Im B2B verschiebt sich Vertrauen weg vom persönlichen Kontakt hin zu Datenqualität, Governance und auditierbaren Entscheidungslogiken. – Jörg Atay-Noelke

  • Agentic Procurement ist primär ein Datenstrategie- und kein reines Technologiethema.

  • Die Qualität und Struktur der zugrundeliegenden Daten entscheidet über den Erfolg von Agentic Procurement Systemen.
  • Automatisierung und Delegation von Entscheidungen an Agenten erfordern klare Governance, Wertströme und Entscheidungslogiken.
  • Schlechte oder inkonsistente Daten werden im Agentic Procurement nicht mehr durch Menschen kompensiert, sondern führen zu exponentiell skalierenden Fehlern.
  • Vertrauen und Markenbindung verschieben sich im Agentic Procurement von menschlichen Beziehungen hin zu Datenqualität, Prozess-Governance und auditierbaren Entscheidungslogiken.

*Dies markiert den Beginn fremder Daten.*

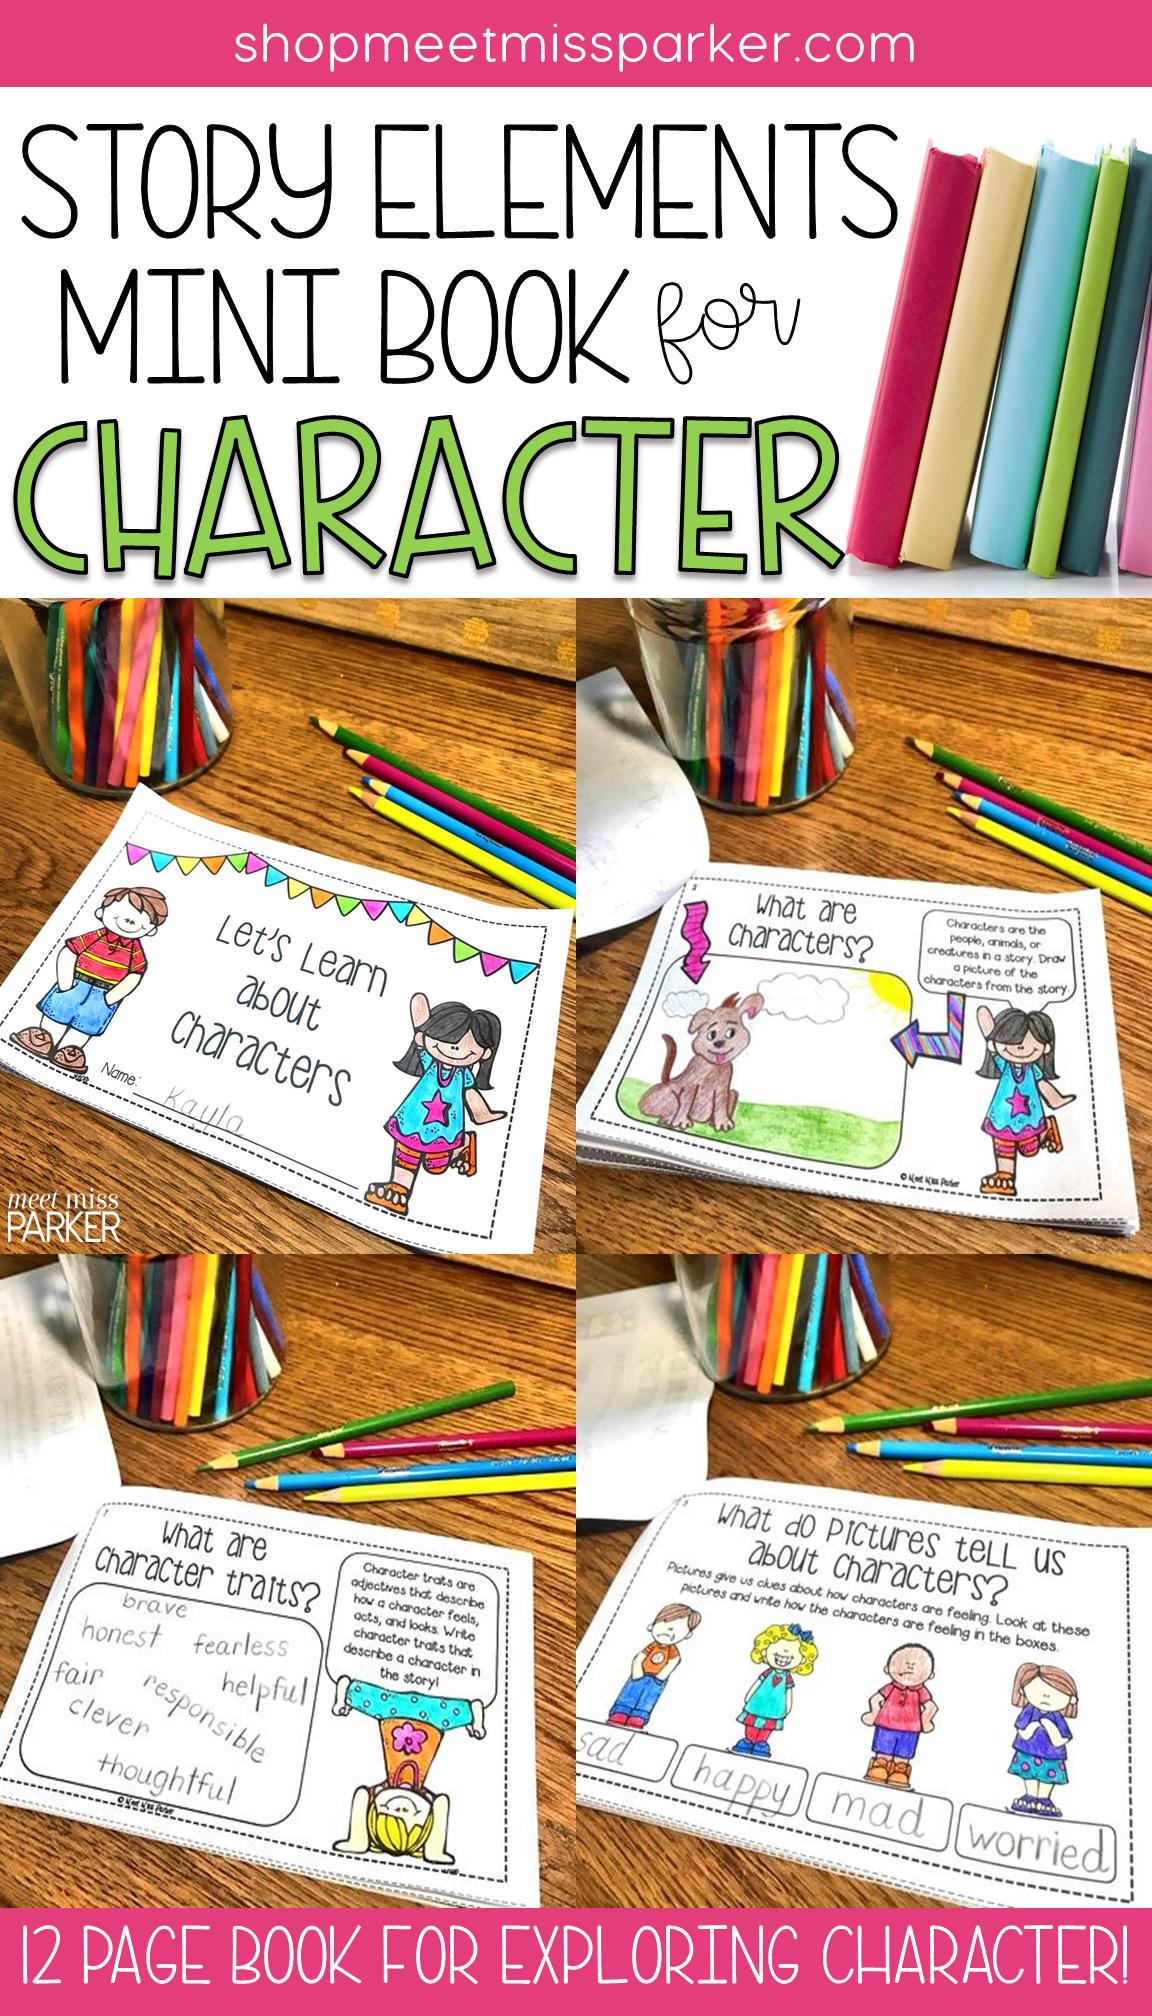 Story Elements Character Mini Book

Die datengetriebene Transformation im B2B-Commerce verschiebt die Verantwortung für Wertschöpfung und Risikosteuerung fundamental: Nicht mehr Menschen kompensieren Schwächen in Prozessen und Daten, sondern agentische Systeme operationalisieren diese Schwächen unmittelbar und in großem Maßstab. Damit wird ein blinder Fleck vieler Digitalisierungsinitiativen sichtbar: Die Annahme, dass technologische Automatisierung bestehende Probleme löst, ohne die zugrundeliegende Datenstrategie und Governance zu adressieren. Im Zentrum steht ein Paradigmenwechsel von der Prozessoptimierung zur bewussten Delegation von Entscheidungen an Systeme, deren Handlungsfähigkeit ausschließlich durch Datenqualität, semantische Konsistenz und explizite Entscheidungslogiken bestimmt wird. Die kulturelle Herausforderung liegt darin, dass Vertrauen, Kontrolle und Markenbindung sich von persönlichen Beziehungen hin zu auditierbaren, datenbasierten Strukturen verschieben. Führungskräfte stehen vor der Aufgabe, nicht nur technische, sondern vor allem strukturelle und organisationale Voraussetzungen für agentische Systeme zu schaffen – und dabei Zielkonflikte zwischen Effizienz, Compliance und Kontrollverlust auszubalancieren.

Aus dem Beitrag lassen sich zentrale Prinzipien für die operative und strategische Weiterentwicklung ableiten: Daten müssen als eigenständiges Produkt und als Grundlage für alle agentischen Prozesse verstanden und gestaltet werden. Die Einführung von KI- und Agentensystemen erfordert eine explizite Modellierung von Rollen, Entscheidungslogiken und Governance-Strukturen, die über klassische Automatisierung weit hinausgeht. Unternehmen sind gefordert, ihre Applikationslandschaften und Datenflüsse so zu gestalten, dass sie auditierbar, sicher und adaptiv bleiben – und dabei die Schnittstellen zwischen menschlicher und maschineller Entscheidung klar definieren. Der Beitrag fordert dazu auf, die Transformation nicht als rein technisches Projekt zu begreifen, sondern als strategische und kulturelle Neuausrichtung, bei der Datenqualität, Governance und die bewusste Steuerung von Verantwortlichkeiten zum zentralen Wettbewerbsfaktor werden. Damit verschiebt sich der Fokus von kurzfristiger Prozessautomatisierung hin zu nachhaltiger, datenbasierter Wertschöpfung und einer neuen Form von Vertrauenskultur im B2B.